Step 2 — Feature spec If no spec exists, Claude creates one. A breakdown of what the feature does, who uses it, the happy path, edge cases, and a task list. You review it before anything is built.
Step 3 — Build Claude works through the task list one task at a time, marking each one complete as it goes. You see real progress, not just a finished result at the end.
Step 4 — Code review An automatic review checks for quality issues, security problems, and anything that doesn't match your project's conventions.
Step 5 — Automated tests Claude writes and runs tests. If any fail, it fixes them before continuing.
Step 6 — Browser testing ← the human step Claude generates a friendly checklist of things to try in your actual browser. You follow the steps and report back. If anything looks wrong, describe it and Claude fixes it. This is the only step that requires you to do anything.
Step 7 — Context sync All documentation is updated: task list, feature status, architecture notes, any decisions made during the build.

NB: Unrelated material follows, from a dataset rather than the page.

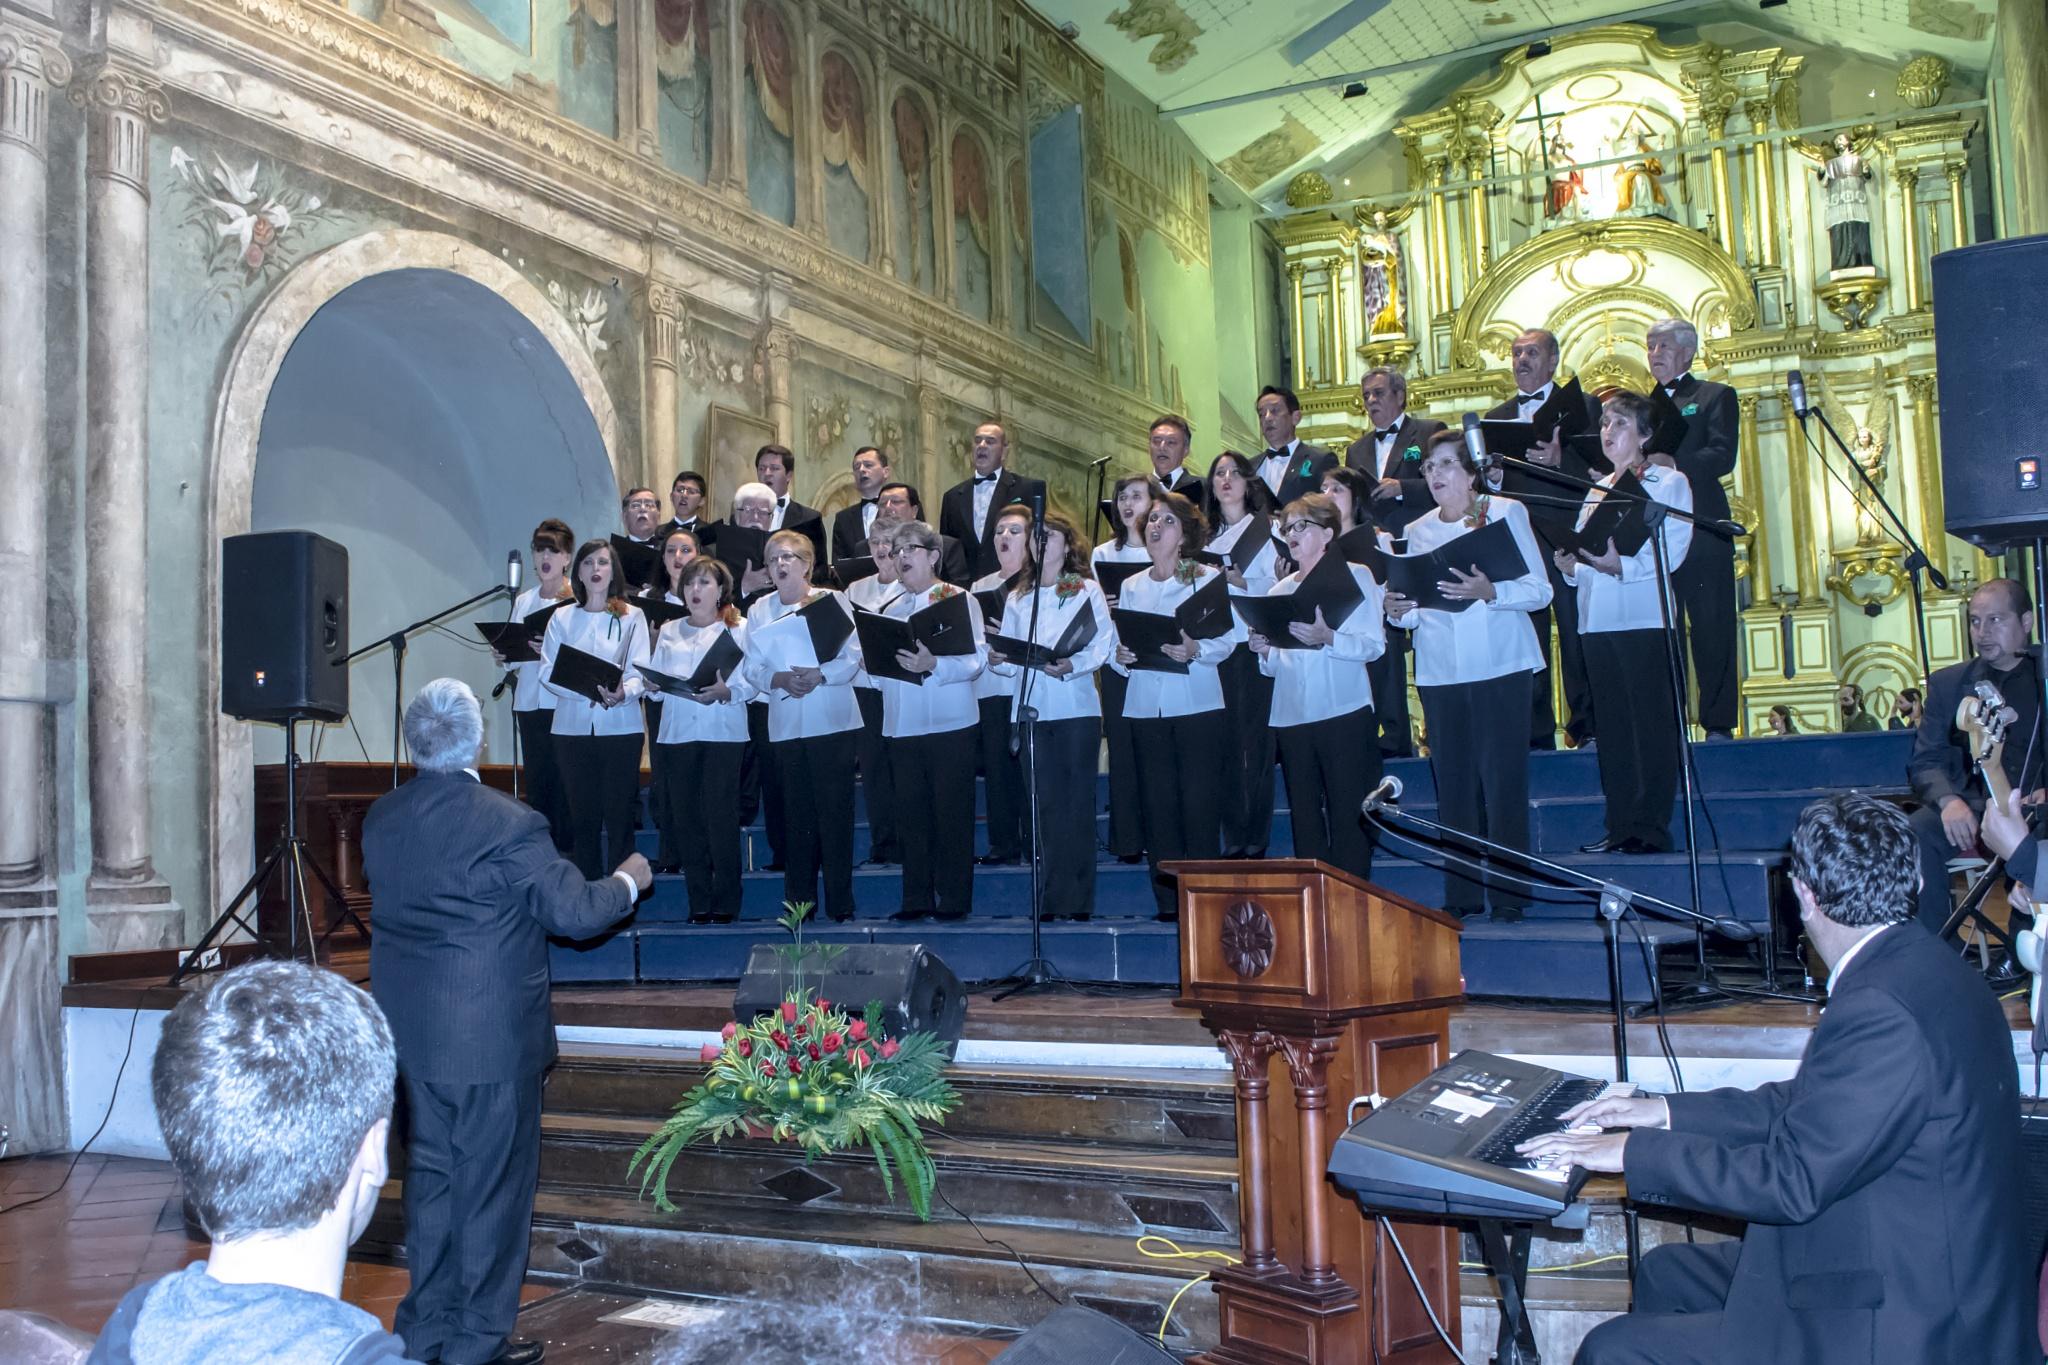 Coro Navideño Municipal Cuenca by Juan Matute

Everything Claude knows about your project lives in context/. Generated during setup and kept up to date automatically.
| Folder | What's inside |
|---|---|
context/project/ |
The big picture — what you're building, scope, roadmap, decisions log, task list |
context/features/ |
One file per feature — spec, tasks, and browser test results |
context/technical/ |
Tech stack, architecture, data models, API contracts, environment variables |
context/developer/ |
Code conventions, git workflow, testing strategy |
context/design/ |
Design system, colour palette, typography, component patterns |
context/ops/ |
Infrastructure, deployment pipeline, monitoring |
Claude reads from these files at the start of every session. You never need to re-explain your project.
Claude does the technical work, you make the decisions. You never need to open a terminal, run a command, or understand an error message. Claude runs everything and reports outcomes in plain English.
The context folder is the project's memory. Everything gets written down — decisions, features, tasks, test results. Nothing lives only in a conversation.
The task list drives everything. Every piece of work has a T-number and a status. Claude always knows what's next. You never need to manage a backlog manually.
Human validation is built in. Every feature goes through browser testing before it's marked complete. You confirm it works in the real app, not just in tests.
You can always pick up where you left off.
Type /continue at the start of any session. Claude reads the project state and resumes — no re-explaining needed.
Opus is available but gated. For genuinely complex problems, Claude can escalate to the more powerful Opus model. It always warns you about the higher cost and asks for your confirmation first.